When you take the Study action, you make an Intelligence check to study your memory, a book, a creature, a clue, an object, or another source of knowledge and call to mind an important piece of information about it.

The Areas of Knowledge table suggests which skills are applicable when you take this action, depending on the area of knowledge the Intelligence check is about.

Areas of Knowledge
Skills Areas
Arcana Spells, magic items, eldritch symbols, magical traditions, planes of existence, and certain creatures (Aberrations, Constructs, Elementals, Fey, and Monstrosities)
History Historic events and people, ancient civilizations, wars, and certain creatures (Giants and Humanoids)
Investigation Traps, ciphers, riddles, and gadgetry
Nature Terrain, flora, weather, and certain creatures (Beasts, Dragons, Oozes, and Plants)
Religion Deities, religious hierarchies and rites, holy symbols, cults, and certain creatures (Celestials, Fiends, and Undead)

Utilise

You normally interact with an object while doing something else, such as when you draw a sword as part of the Attack action. When an object requires an action for its use, you take the Utilise action.


Unarmed Strike

Instead of using a weapon to make a melee attack, you can use a punch, kick, head-butt, or similar forceful blow. In game terms, this is an Unarmed Strike—a melee attack that involves you using your body to damage, grapple, or shove a target within 5 feet of you.
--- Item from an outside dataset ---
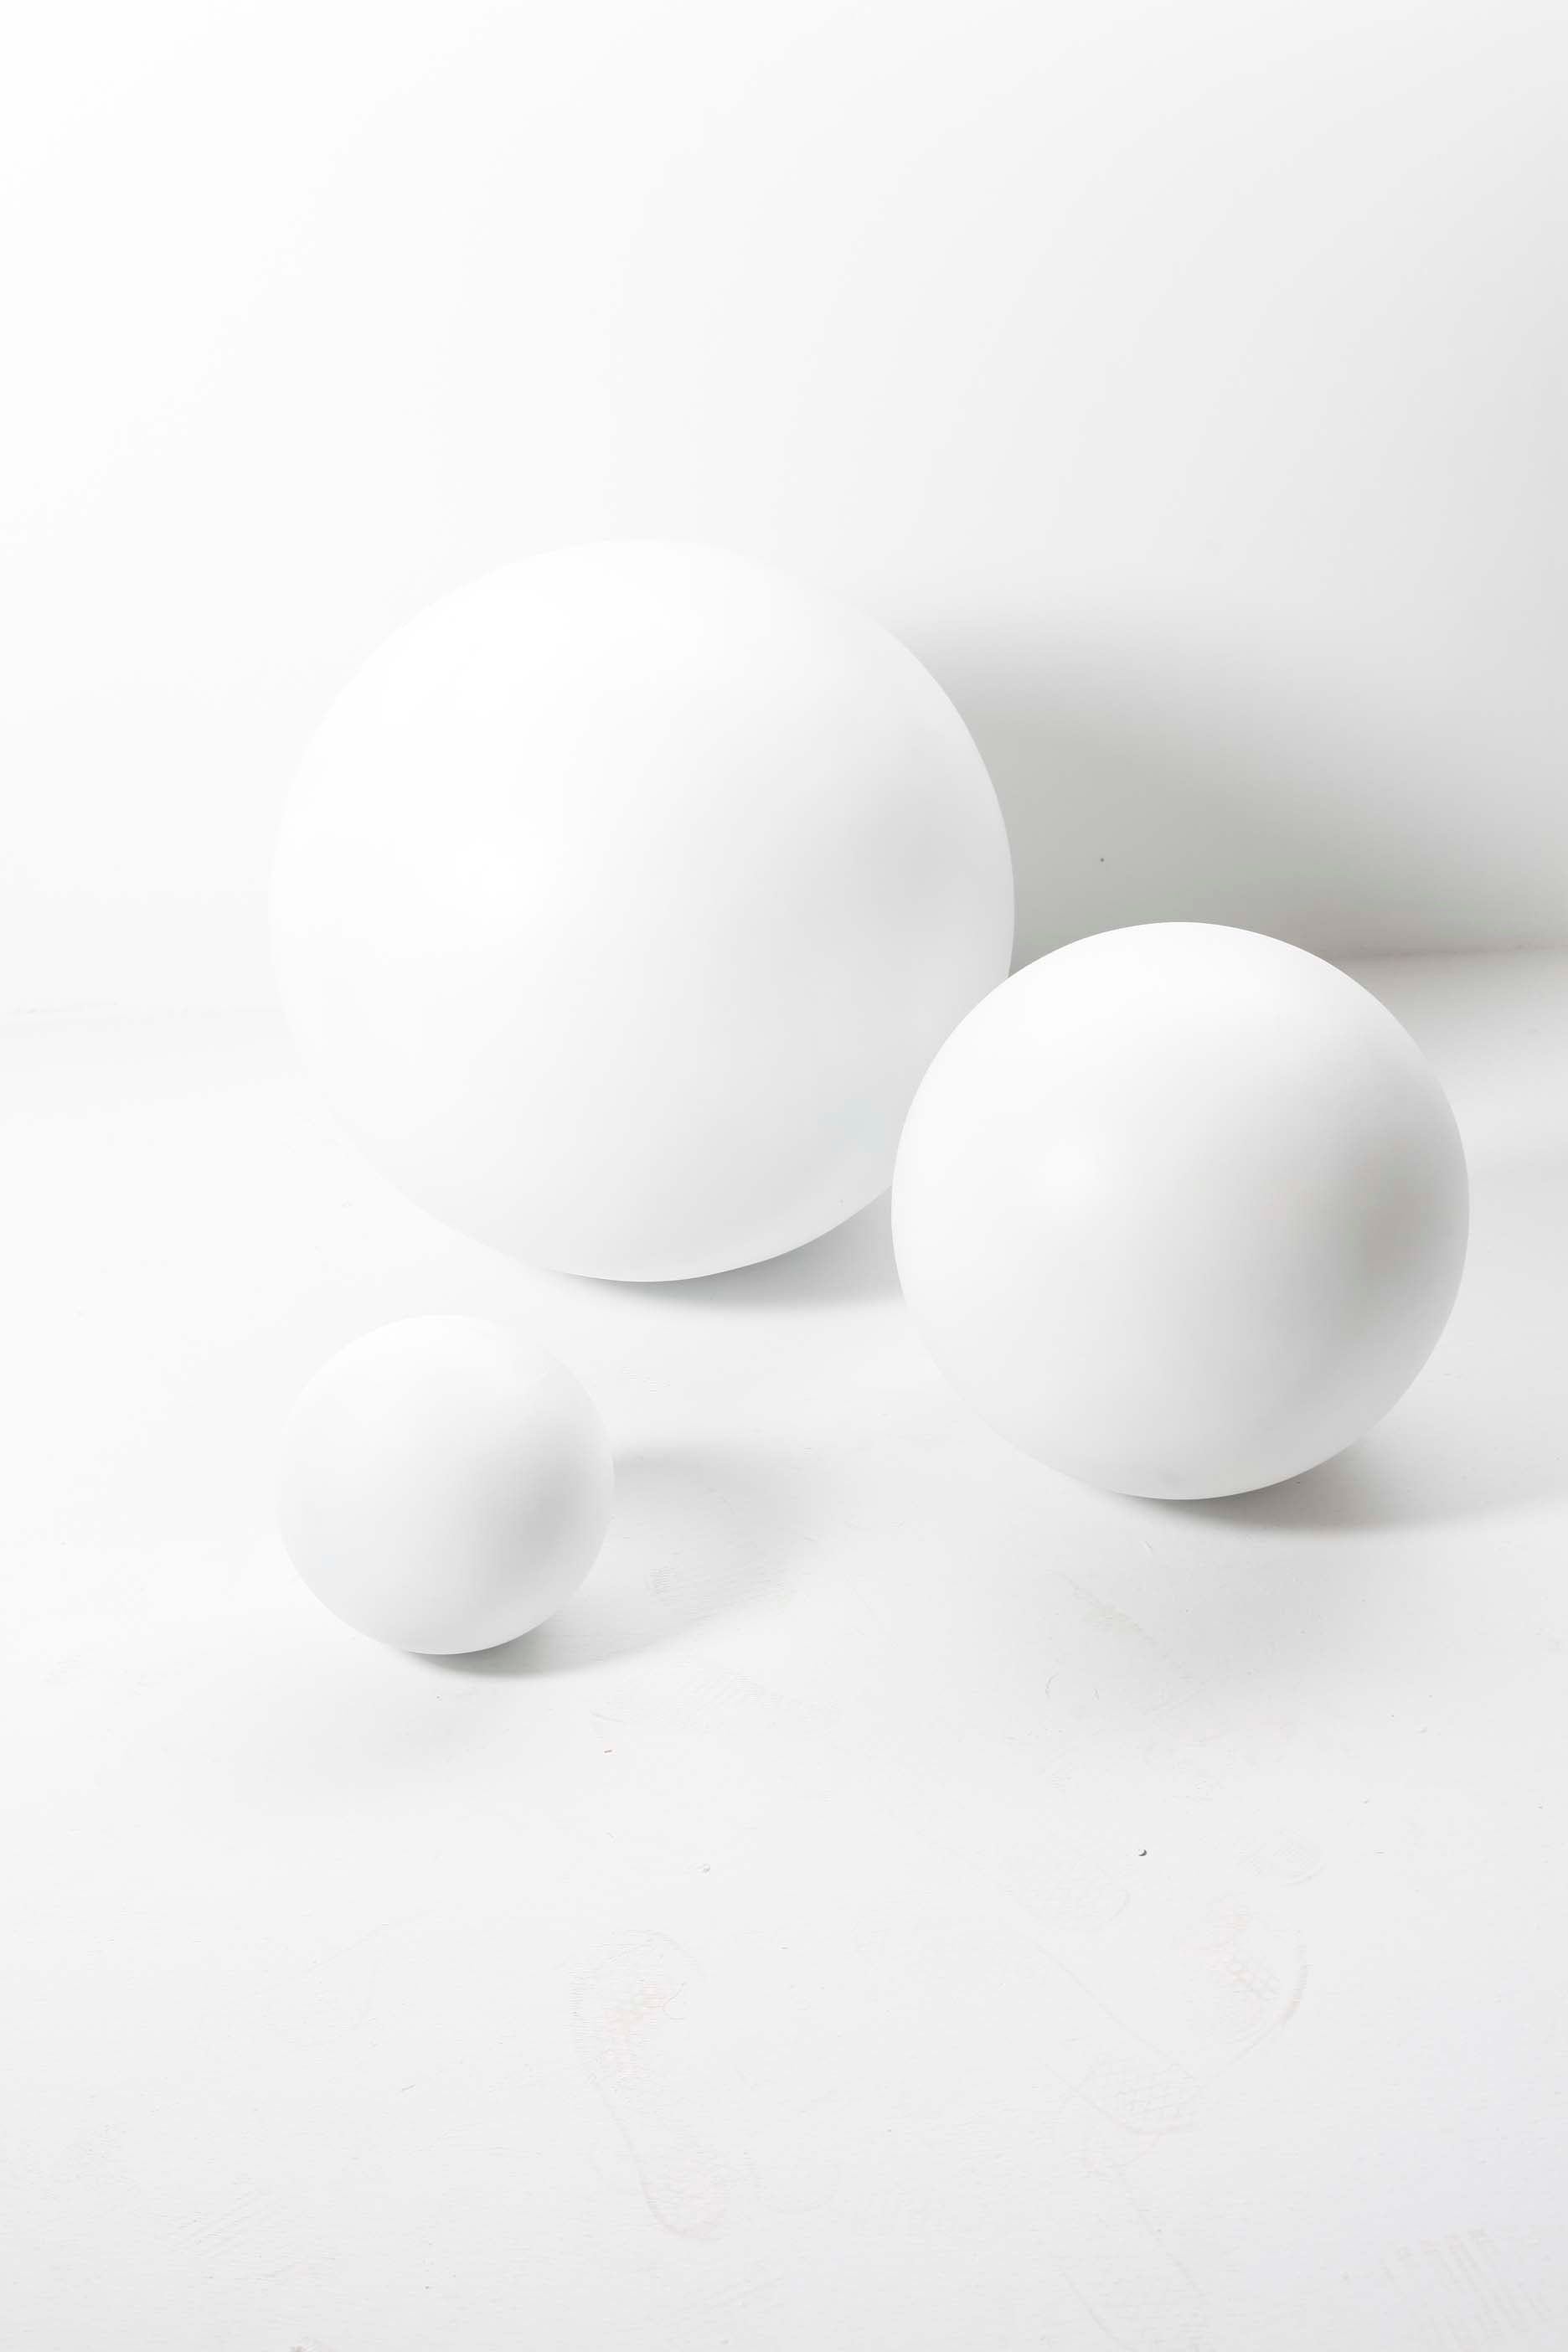 Styro-Foam Resin Balls

Whenever you perform an Unarmed Strike, choose one of the following options for its effect.

Damage

You make an attack roll against the target. Your bonus to the roll equals your Strength modifier plus your Proficiency Bonus. On a hit, the target takes (1 + Strength modifier) image/svg+xml Bludgeoning damage.

Grapple

The target must succeed on a STR or DEX Save (it chooses which), or it has the Grappled condition. The DC for the saving throw and any escape attempts equals 8 plus your Strength modifier and Proficiency Bonus. This grapple is possible only if the target is no more than one size larger than you and if you have a hand free to grab it.

Shove

The target must succeed on a STR or DEX Save (it chooses which), or you either push it 5 feet away or cause it to have the Prone condition. The DC for the saving throw equals 8 plus your Strength modifier and Proficiency Bonus. This shove is possible only if the target is no more than one size larger than you.


Common Reactions

Below is a list of common reaction you can take. You can only use a Reaction when a specific trigger occurs, which is specified by its description


Opportunity Attack

In a fight, everyone is constantly watching for enemies to drop their guard. You can rarely move heedlessly past your foes without putting yourself in danger; doing so provokes an Opportunity Attack (also often referred to as 'Attack of Opportunity').

You can make an Opportunity Attack when a hostile creature that you can see moves out of your reach. To make the Opportunity Attack, you use your Reaction to make one melee attack against the provoking creature. The attack interrupts the provoking creature's Movement, occurring right before the creature leaves your reach.